Simplify. Express your answer as a single fraction in simplest form \( 5-\frac{c}{c^{2}-34 c-32} \)

To simplify the expression \( 5 - \frac{c}{c^{2}-34 c-32} \), we first need a common denominator. We start by factoring the denominator \( c^2 - 34c - 32 \).
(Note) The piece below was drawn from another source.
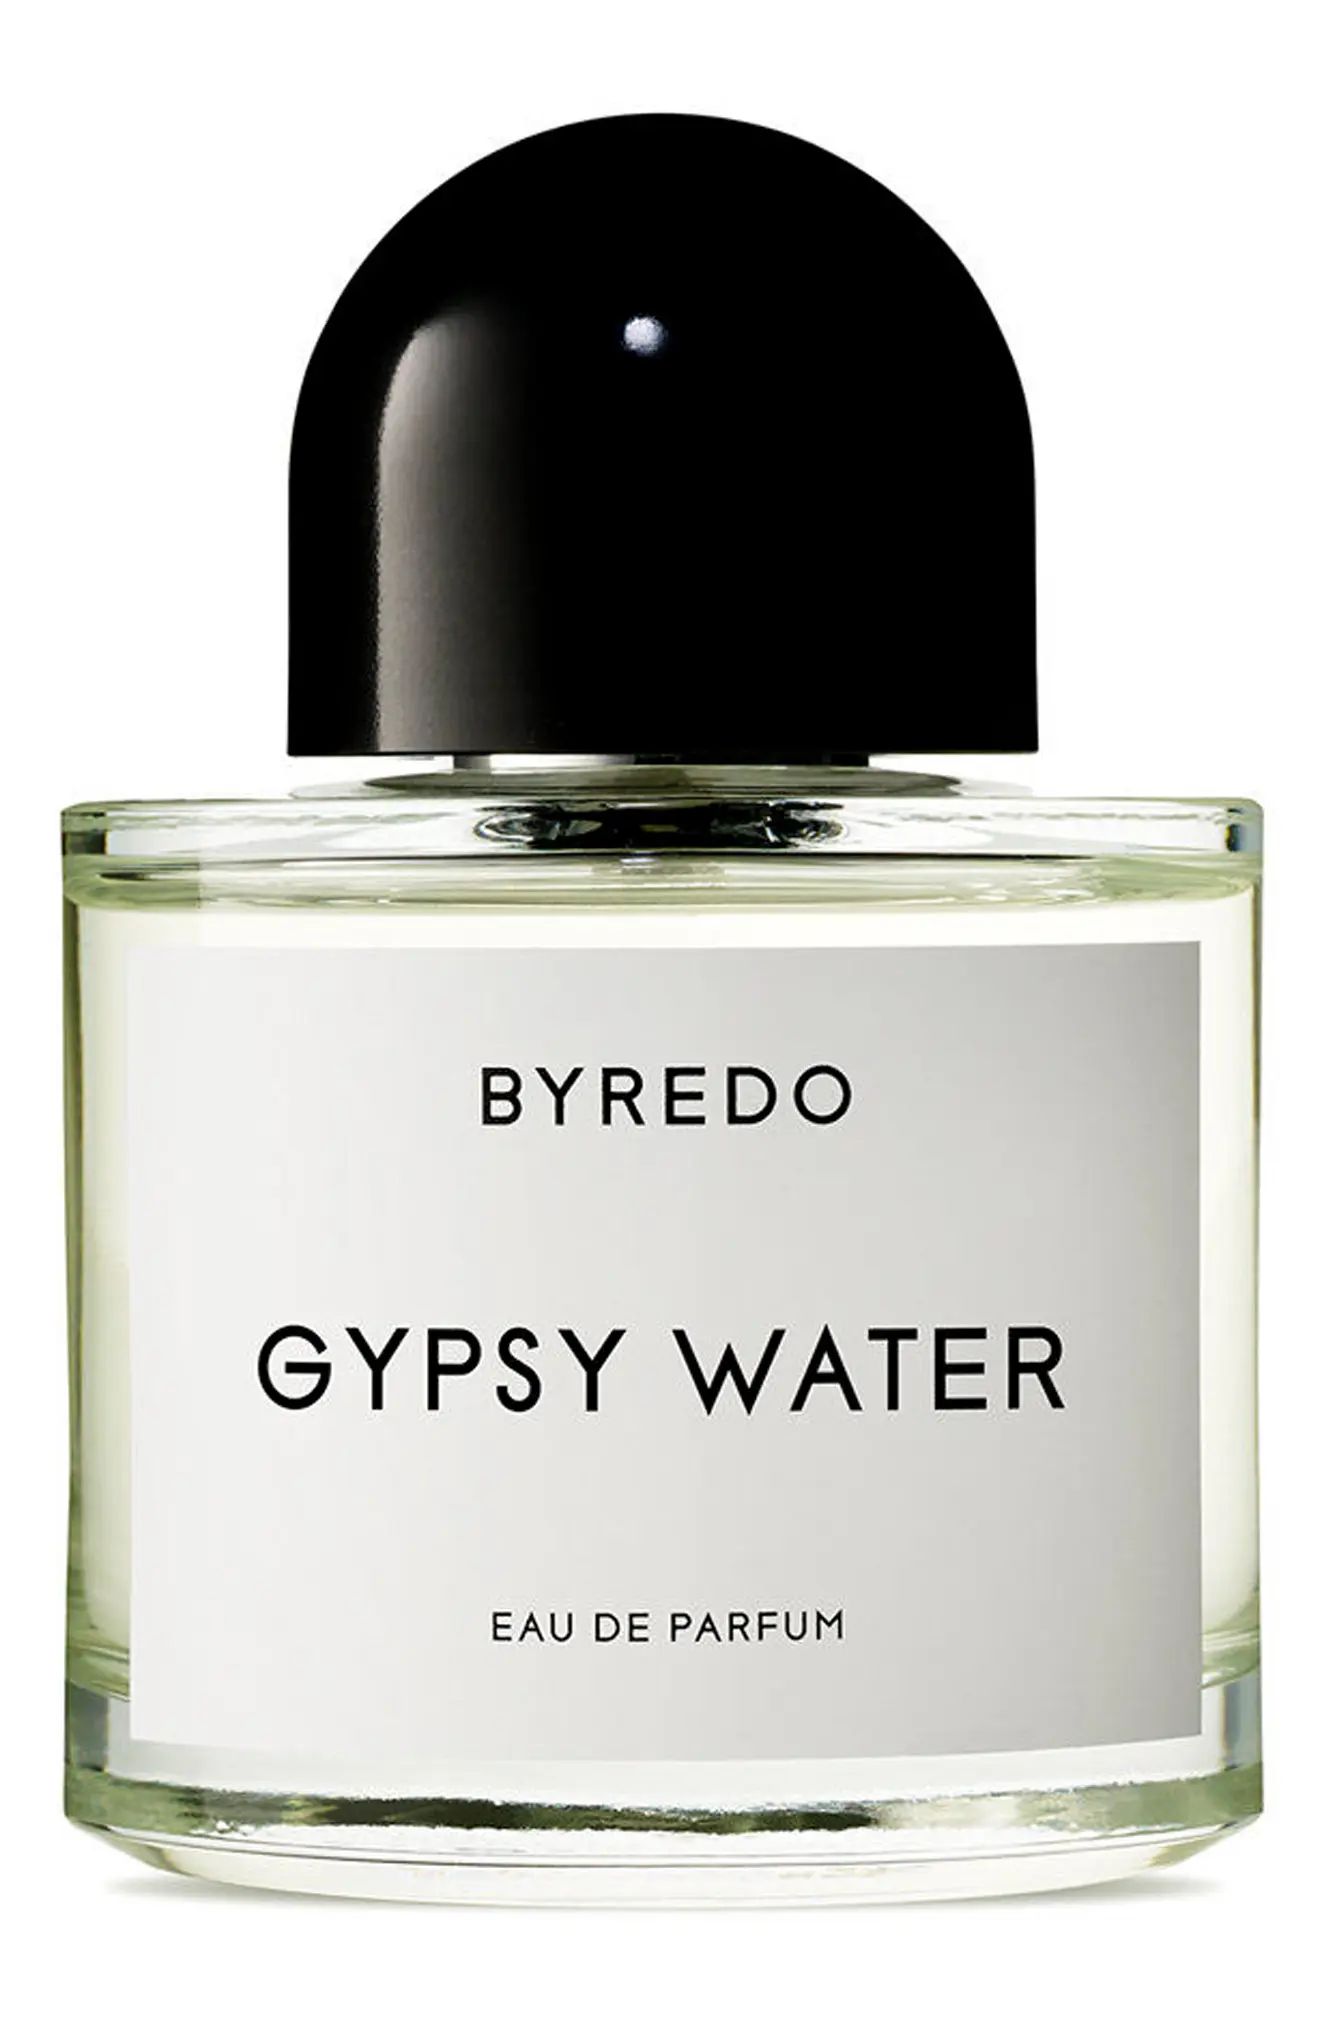 BYREDO Gypsy Water Eau de Parfum at Nordstrom, Size 1.7 Oz | Nordstrom

To factor \( c^2 - 34c - 32 \), we look for two numbers that multiply to \(-32\) and add to \(-34\). These numbers are \(-36\) and \(2\). Therefore, we can write: \[ c^2 - 34c - 32 = (c - 36)(c + 2) \] Now, we rewrite \( 5 \) with the common denominator: \[ 5 = \frac{5(c - 36)(c + 2)}{(c - 36)(c + 2)} \] Now, substituting this back into the original expression: \[ 5 - \frac{c}{(c - 36)(c + 2)} = \frac{5(c - 36)(c + 2) - c}{(c - 36)(c + 2)} \] Next, we simplify the numerator: \[ 5(c - 36)(c + 2) - c = 5(c^2 + 2c - 36c - 72) - c = 5(c^2 - 34c - 72) - c \] Now, distributing \( 5 \): \[ 5c^2 - 170c - 360 - c = 5c^2 - 171c - 360 \] So the expression becomes: \[ \frac{5c^2 - 171c - 360}{(c - 36)(c + 2)} \] Now, we can’t simplify \( 5c^2 - 171c - 360 \) further without factorization, but we can check if it has integer factors using the quadratic formula or factor methods if needed. Thus, the final simplified expression is: \[ \frac{5c^2 - 171c - 360}{(c - 36)(c + 2)} \] This is expressed as a single fraction in simplest form, assuming further factorization of the quadratic doesn't yield simpler terms.